1. 'Unknown' just means that ZTF wasn't able to identify the class of the source. Its not necessarily an indication of a brand new type of source, as it could be an AGN, Supernova, etc. That was just failed to be identified.

2. The 'Galaxy' family and its respective classes is more a description of the variable sources environment than the source itself. You COULD have a variable galaxy, but thats not guranteed by the classification.

from here, we can start to pull out subsets of our crossmatched list based on the family of the sources of interest. For example, we can pull out all sources in our crossmatch that fall under the 'AGN' family.

In [None]:
AGN_list=cms.query('family == "AGN"')
AGN_list

To reiterrate, depending on the family your're looking at, you arent guranteed to be looking at a uniform set of the same kind of source. 

## Crossmatched Sources Detection Histogram

The goal of this section will be to pull the measurements made by VAST (n:measurements) and FINK (n:detections) and make histograms for the ammount of measurements made per source. Im thinking I'll have to make 2 seperate histograms for Radio and Optical (Alternatively I could merge the measurement counts for both). The end goal will to make "sub histograms" that display the detection distribution for each family in Radio and Optical.
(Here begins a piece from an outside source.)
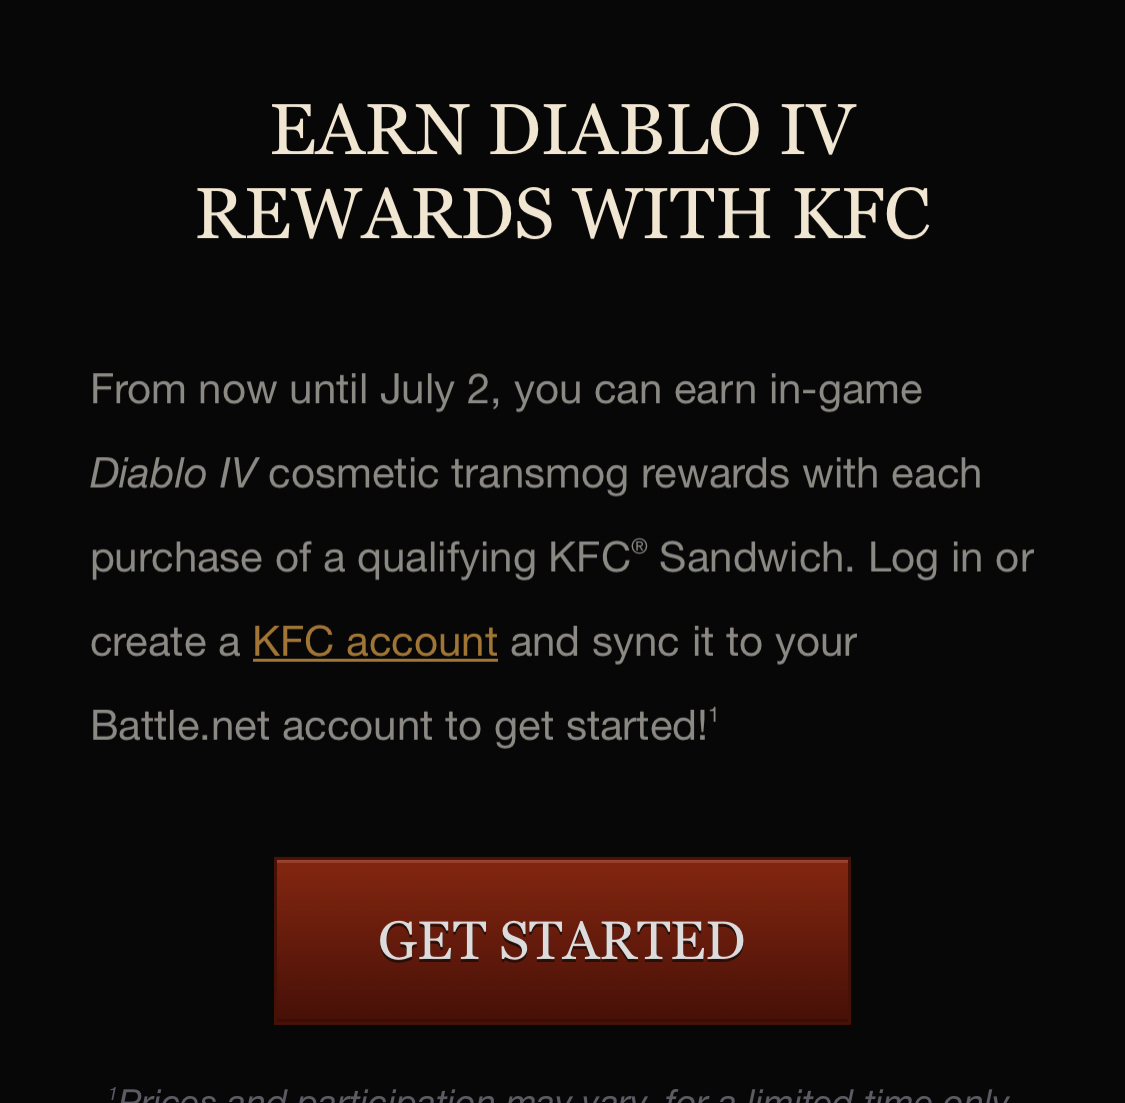 Notice depicting Diablo IV and KFC tie-in

At time of writing, I have only managed to plot radio measurement counts, however the code required to plot optical measurement counts should be quite simillar to this.

In [None]:
#first, pull the VAST pipeline:
pipe=Pipeline()
my_run=pipe.load_run('tiles_corrected')

In [None]:
#we will create subsets from the cms file that correspond to each family. AGN_list has already been done:
Unknown_list=cms.query('family == "Unknown"')
Galaxy_list=cms.query('family == "Galaxy"')
SS_list=cms.query('family == "Solar System"')
Radio_list=cms.query('family == "Radio"')
SN_list=cms.query('family == "Supernova"')
MW_list=cms.query('family == "Multiwavelength"')
Star_list=cms.query('family == "Star"')

In [None]:
#since matched id list is a list of strings, astype(int) converts them into intergers first
matched_ids=cms['matched_id'].astype(int).to_list()
matched_ids_AGN=AGN_list['matched_id'].astype(int).to_list()
matched_ids_Unknown=Unknown_list['matched_id'].astype(int).to_list()
matched_ids_Galaxy=Galaxy_list['matched_id'].astype(int).to_list()
matched_ids_SS=SS_list['matched_id'].astype(int).to_list()
matched_ids_Radio=Radio_list['matched_id'].astype(int).to_list()
matched_ids_SN=SN_list['matched_id'].astype(int).to_list()
matched_ids_MW=MW_list['matched_id'].astype(int).to_list()
matched_ids_Star=Star_list['matched_id'].astype(int).to_list()

In [None]:
#pull out VAST sources from matched ids
my_sources=my_run.sources.loc[matched_ids]
my_sources_AGN=my_run.sources.loc[matched_ids_AGN]
my_sources_Unknown=my_run.sources.loc[matched_ids_Unknown]
my_sources_Galaxy=my_run.sources.loc[matched_ids_Galaxy]
my_sources_SS=my_run.sources.loc[matched_ids_SS]
my_sources_Radio=my_run.sources.loc[matched_ids_Radio]
my_sources_SN=my_run.sources.loc[matched_ids_SN]
my_sources_MW=my_run.sources.loc[matched_ids_MW]
my_sources_Star=my_run.sources.loc[matched_ids_Star]

In [None]:
#pull out the measurement count for each source under the matched id
VAST_measurement_count=my_sources['n_measurements'].astype('int64').to_list()
VAST_measurement_count_AGN=my_sources_AGN['n_measurements'].astype('int64').to_list()
VAST_measurement_count_Unknown=my_sources_Unknown['n_measurements'].astype('int64').to_list()
VAST_measurement_count_Galaxy=my_sources_Galaxy['n_measurements'].astype('int64').to_list()
VAST_measurement_count_SS=my_sources_SS['n_measurements'].astype('int64').to_list()
VAST_measurement_count_Radio=my_sources_Radio['n_measurements'].astype('int64').to_list()
VAST_measurement_count_SN=my_sources_SN['n_measurements'].astype('int64').to_list()
VAST_measurement_count_MW=my_sources_MW['n_measurements'].astype('int64').to_list()
VAST_measurement_count_Star=my_sources_Star['n_measurements'].astype('int64').to_list()

In [None]:
#how many unique numbers in this list are there? and what are they?
print(len(pd.unique(VAST_measurement_count)))
print(pd.unique(VAST_measurement_count))

In [None]:
#plt.style.use('fivethirtyeight')
bins=[1,2,3,4,5,6,7,8,9,10,11,12,13,14,15]
figsize=(20,10)
fig,([ax1,ax2,ax3,ax4],[ax5,ax6,ax7,ax8])=plt.subplots(nrows=2,ncols=4,figsize=figsize)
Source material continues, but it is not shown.